At the time, “it was unacceptable to wear your hair in any natural hairstyle,” Mr. Brathwaite recalled in a 2019 interview with the beauty website Hello Beautiful. “The point that was being made was that you can be your natural self and be proud of who you are, and not accept another person’s standard of beauty as your own.”

 

The show featured dancing and music, with a house band that included drummer Max Roach and jazz singer Abbey Lincoln. “The line to get in was so long we ended up clearing the venue and doing a second show,” Mr. Brathwaite told Vogue. He and his colleagues continued to produce “Naturally” pageants for years, and the show was credited with helping promote the “Black Is Beautiful” slogan, which appeared in the background of some of Mr. Brathwaite’s pictures along with phrases like “Buy Black.”

 

The second of three sons, Gilbert Ronald Brathwaite was born Jan. 1, 1938, in what he affectionately called “the People’s Republic of Brooklyn.” His parents were immigrants from Barbados and moved the family to the South Bronx when Mr. Brathwaite was young. His father was a tailor who owned a dry-cleaning business, and his mother sold coconut bread out of the home. Like his older brother, Mr. Brathwaite eventually adopted an African 

name, in his case as a tribute to Ghanaian independence leader Kwame Nkrumah.

 

After studying at the School of Industrial Art (now the High School of Art and Design) in Manhattan, Mr. Brathwaite considered becoming a graphic designer. But in 1955, at age 17, he saw photographs of Emmett Till, the 14-year-old Black boy from Chicago who had been abducted, tortured and lynched that summer by White men in Mississippi. Pictures of Till’s mutilated body, taken by David Jackson for Jet magazine, galvanized the civil rights movement and introduced Mr. Brathwaite to photography’s potential as a catalyst for social change.

 

The next year, he was stunned to see a photographer take pictures at Club 845, a shadowy jazz venue in the Bronx, without using a flash. It seemed like magic, and inspired Mr.

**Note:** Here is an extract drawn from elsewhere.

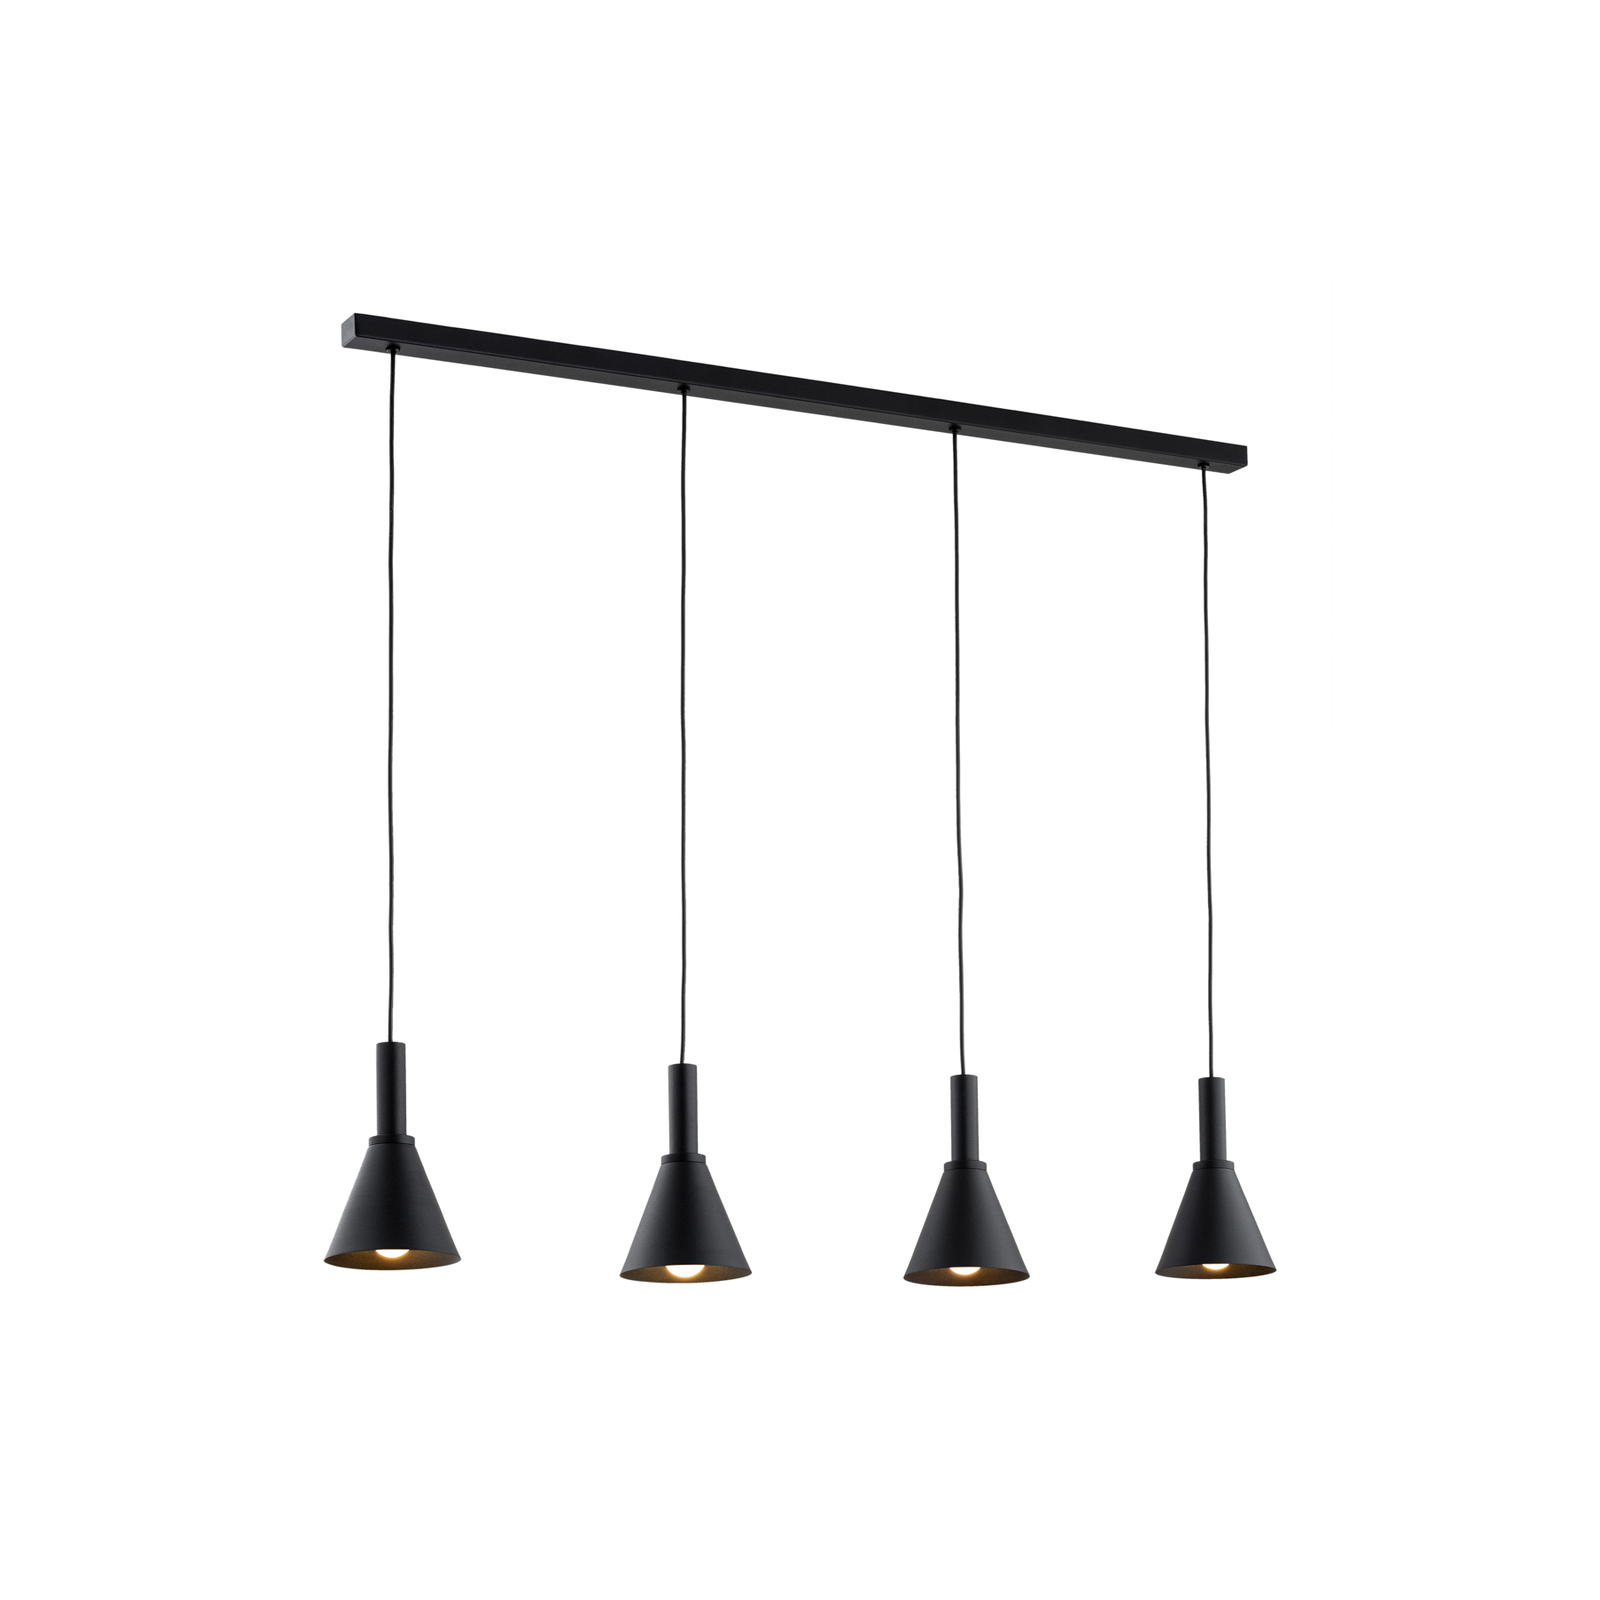 Norte hänglampa, svart, stål, längd 114 cm, 4 lampor

Brathwaite to buy a Hasselblad medium-format camera and begin taking pictures himself. “I just fell in love with the textures,” he said, according to the New York Times, “the slight graininess of it.”

 

In 1966, he married Sikolo Sumter, a Grandassa Model, the year after meeting her on the sidewalk and asking to take her photograph. She survives him, as does their son, who has helped preserve Mr. Brathwaite’s work as head of the Kwame Brathwaite Archive; a daughter, Ndola Carlest; a brother; and four grandchildren. His brother Brath died in 2014.

 

Mr. Brathwaite was still accepting commissions at age 80, photographing the artist Joanne Petit-Frère for the New Yorker, and retired in 2018 just as his work was gaining increasing recognition. His first major retrospective debuted the next year at Los Angeles’s Skirball Cultural Center. Another exhibition, “Things Well Worth Waiting For,” is now on view at the Art Institute of Chicago and focuses on his relationship to music.

 

Mr. Brathwaite was an amateur tenor saxophonist and would play jazz records during some of his shoots, trying to channel the music’s rhythm in his images. “You want to get the feeling, the mood that you’re experiencing when they’re playing,” he told Ford in an interview. “That’s the thing. You want to capture that.”